General SOL period used in this article (Massachusetts):

  • 6 years (default)
  • Mass. Gen. Laws ch. 277, § 63

How to think about the “trigger date” (without guessing facts)

The calculator can only work with the date you enter as the start date. Common real-world candidates for a start date include:

  • the date the account went into default,
  • the date a cause of action accrued (often aligned with default or breach),
  • the date the debt became due (where that best matches the claim theory),
  • the date of the last payment (sometimes relevant, depending on how the claim is framed and what facts you can document).

Pick the date that most closely matches what you can support with records. The goal is not to guess, but to use the most defensible timeline for the default 6-year analysis.

Use the calculator

Use DocketMath’s statute-of-limitations calculator here: /tools/statute-of-limitations

At a high level, the calculator performs this computation:

  1. Start date (input) → the date you choose for when the SOL clock begins
  2. SOL length (Massachusetts default) → 6 years based on Mass. Gen. Laws ch. 277, § 63
  3. Expiration date (output) → start date + 6 years
  4. A “time-barred” style result (output) → whether today is beyond that expiration date under the default rule

Inputs to enter (Massachusetts default)

Because the SOL length is fixed at 6 years in this content, the biggest factor is your start date. Use the prompt that best matches what you know:

Output you’ll get back

Typically, you’ll see:

  • SOL start date
  • SOL expiration date (6 years after the start date)
  • whether the claim appears likely time-barred using the default 6-year SOL from Mass.
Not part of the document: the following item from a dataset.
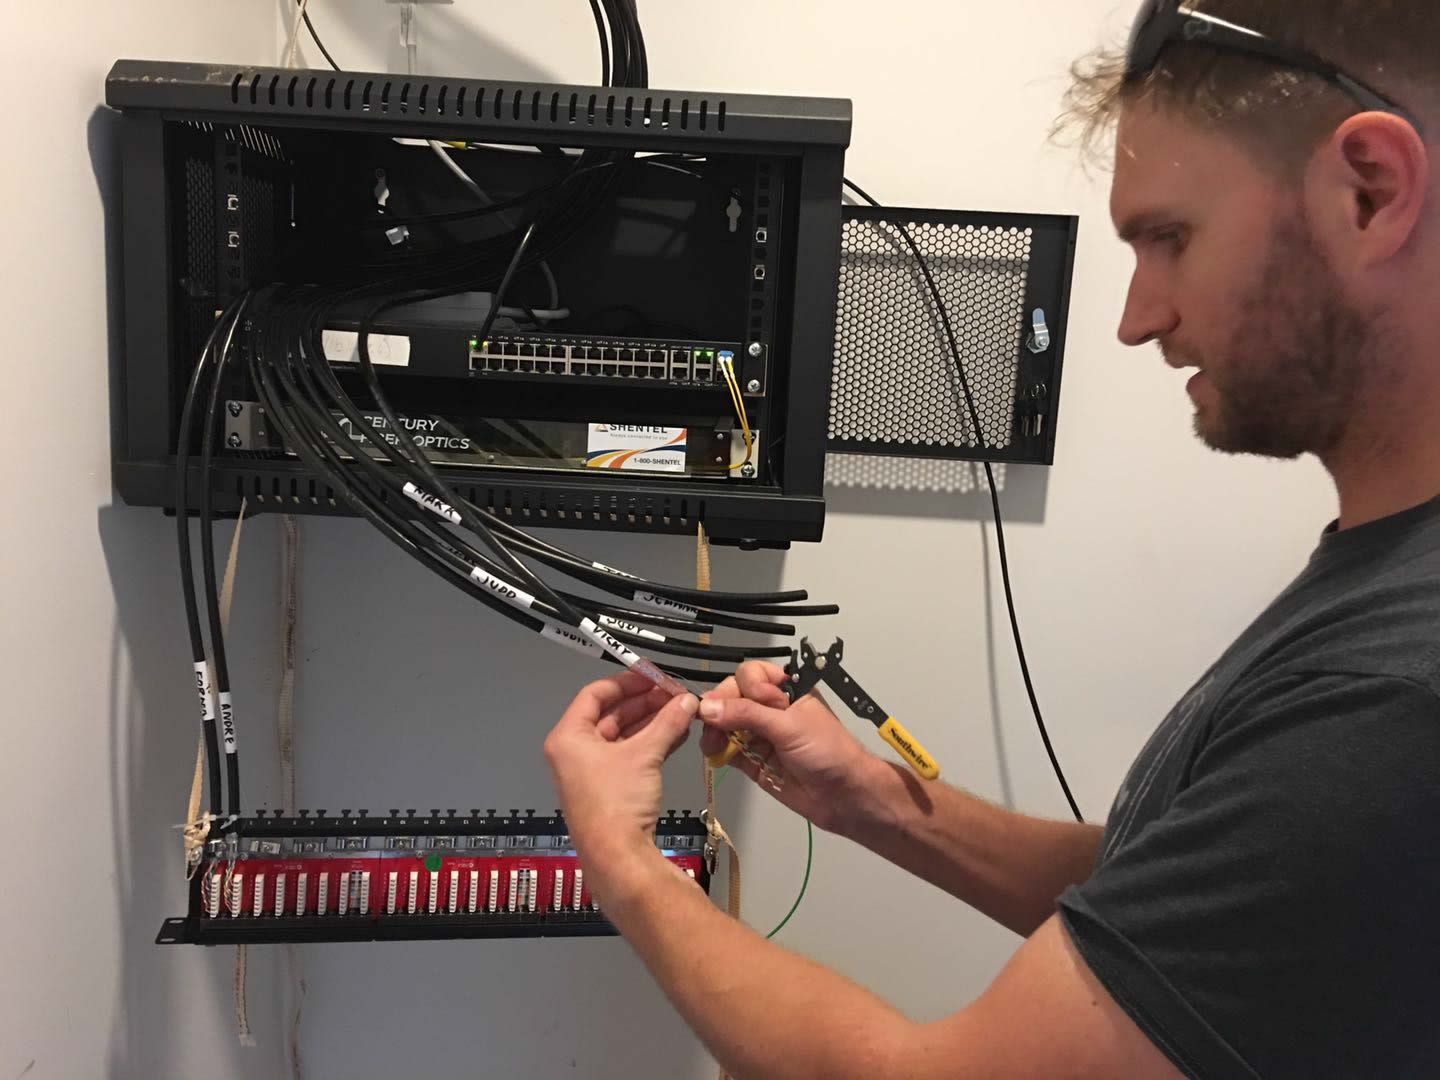 Alex Ryan prepares Cat6 cable in the network server rack.

Gen. Laws ch. 277, § 63

Worked example

For a US-MA this claim type limitations check, use the verified limitations period from the current rule packet: 3 years. The authority packet cites Mass. Gen. Laws ch. 260, § 2A (https://malegislature.gov/Laws/GeneralLaws/PartIII/TitleV/Chapter260/Section2A).

Example inputs:

  • Accrual date: 2024-04-25
  • Filing date checked: 2026-04-25

Calculation:

  • Start with the accrual date.
  • Add 3 years.
  • The example deadline is 2027-04-25.

This example is generated from the verified facts packet rather than freeform prose. Confirm tolling, discovery rules, and claim-specific exceptions before relying on the date.
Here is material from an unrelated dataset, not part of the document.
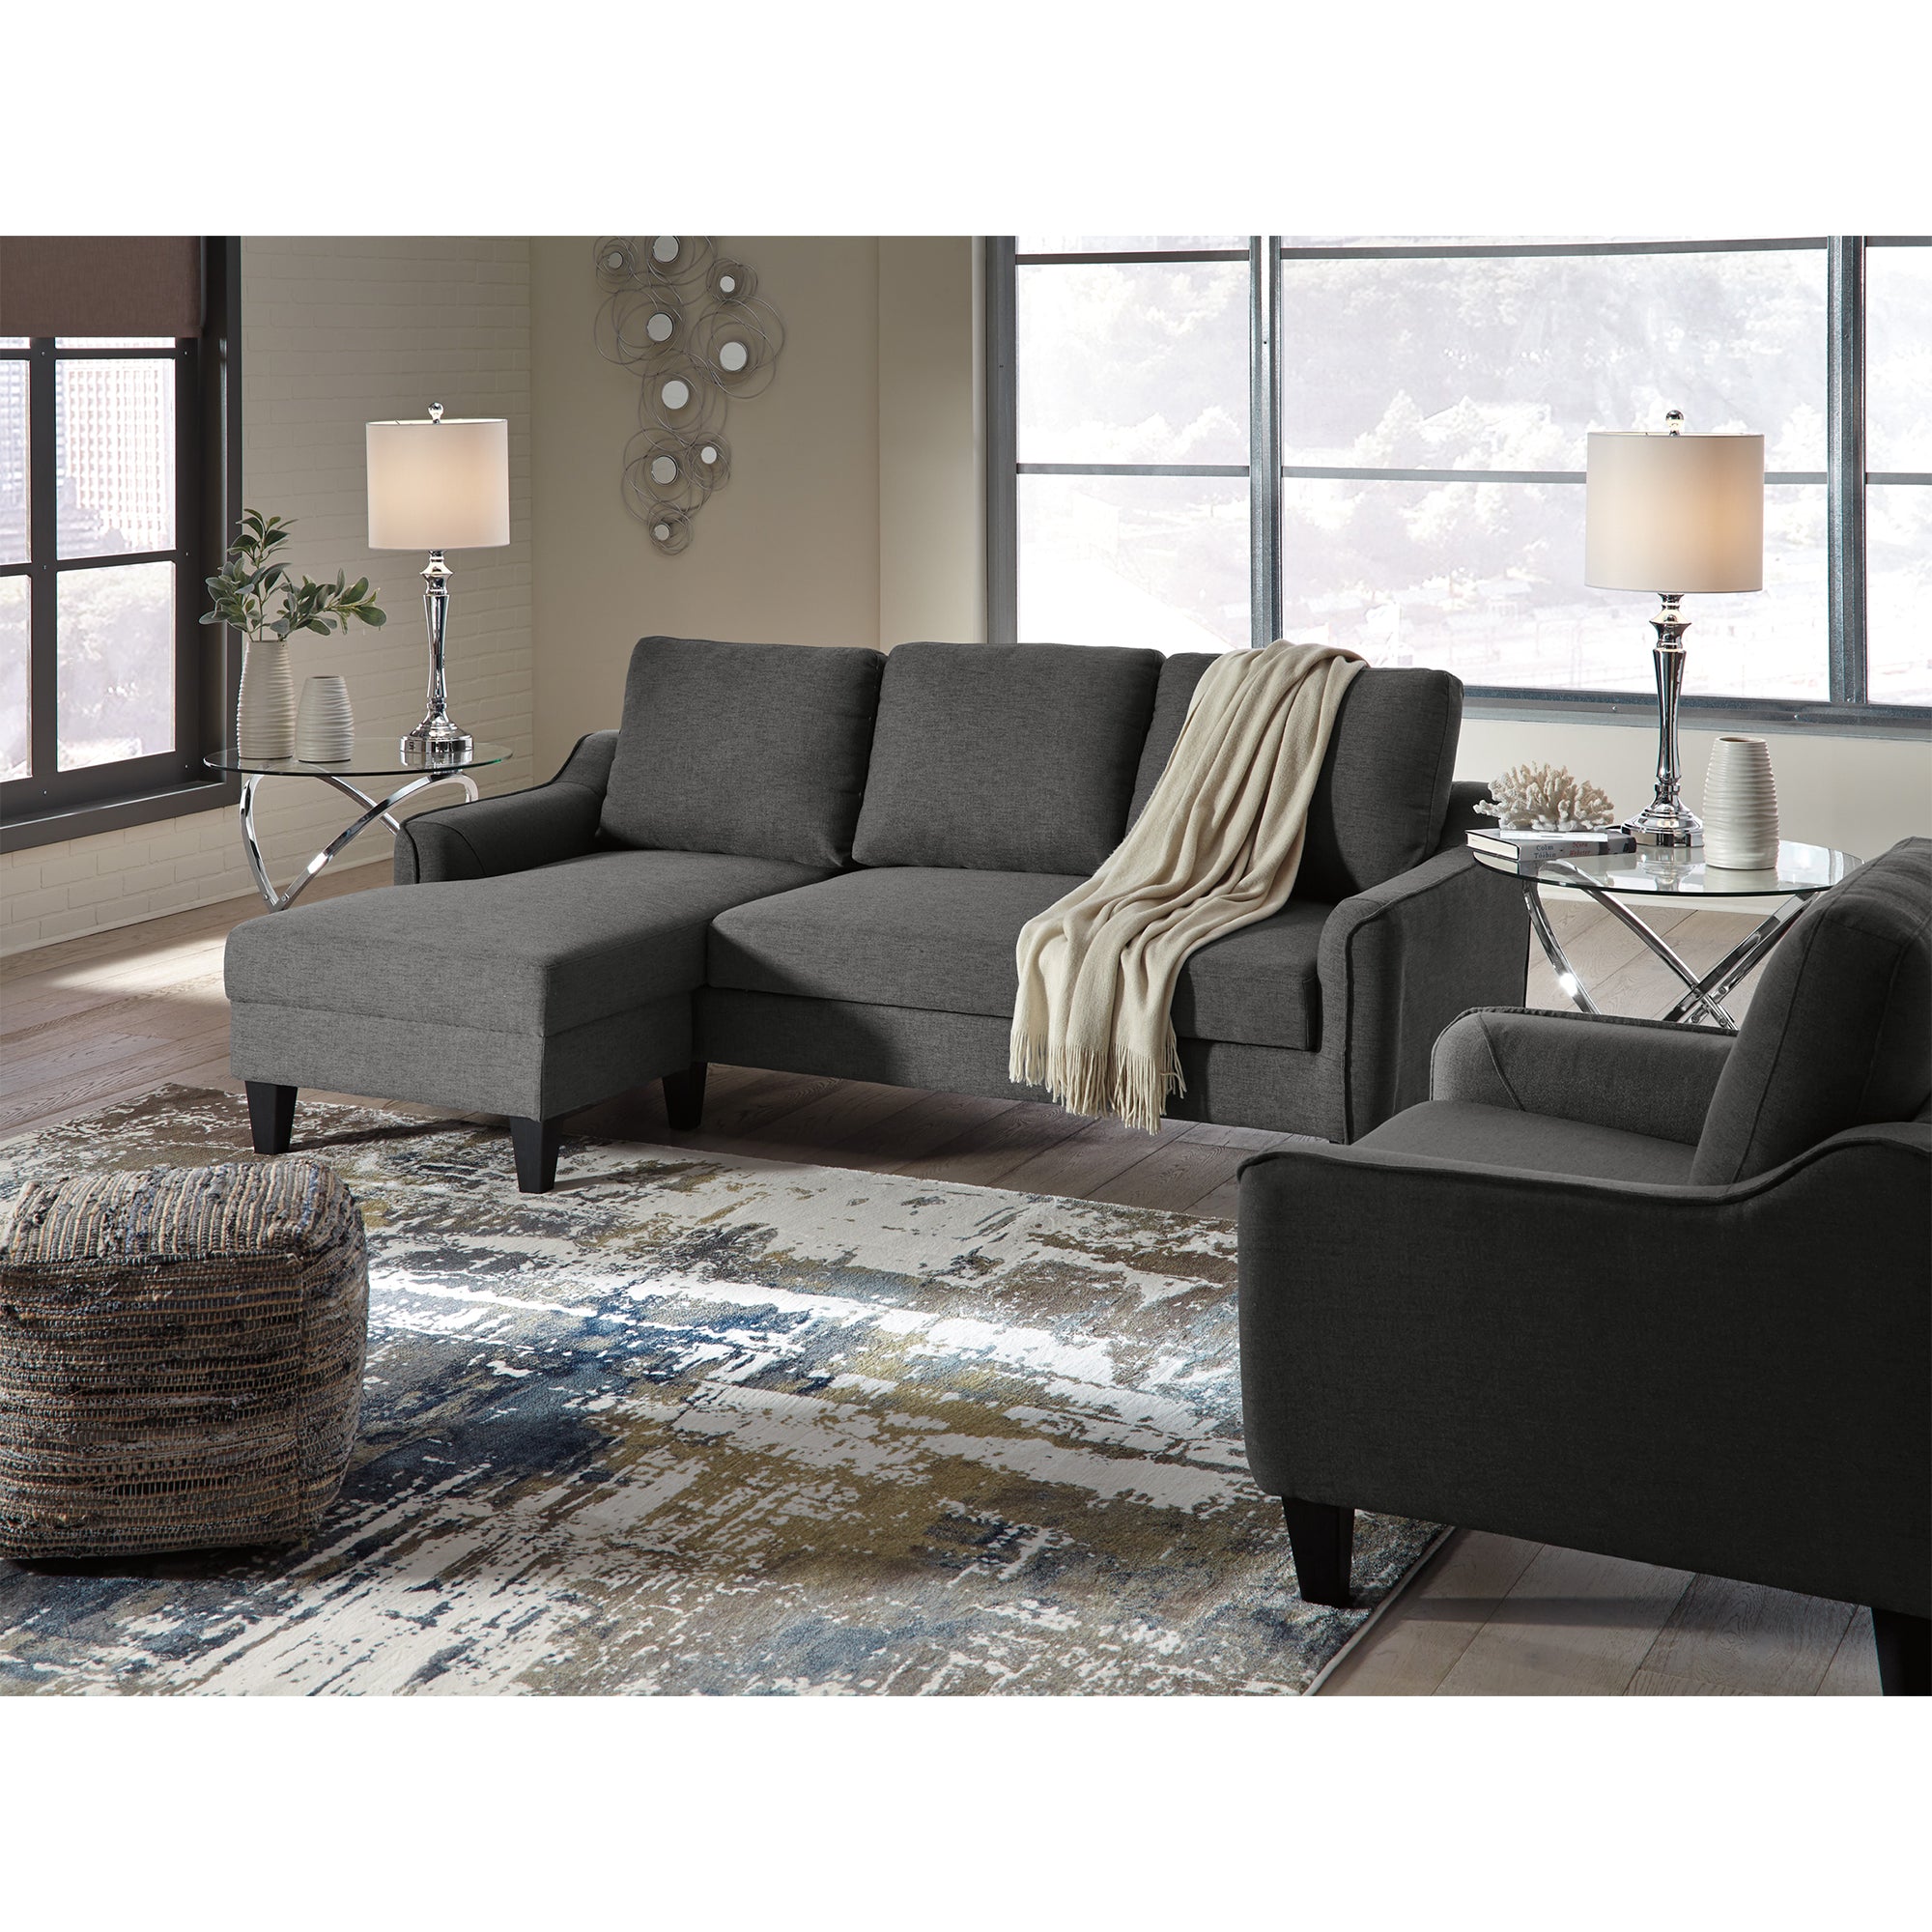 Jarreau Sofa Chaise and Chair in Gray Color

Practical next step (non-legal advice)

After you compute the expiration date, compare it to:

  • the date a lawsuit was filed (if you have court paperwork),
  • the date you received a summons/complaint,
  • the date of the collector’s demand letter (useful context, but not always the correct SOL trigger by itself).

Sources and references

Start with the primary authority for Massachusetts and confirm the effective date before relying on any output. If the rule has been amended, update the inputs and rerun the calculation.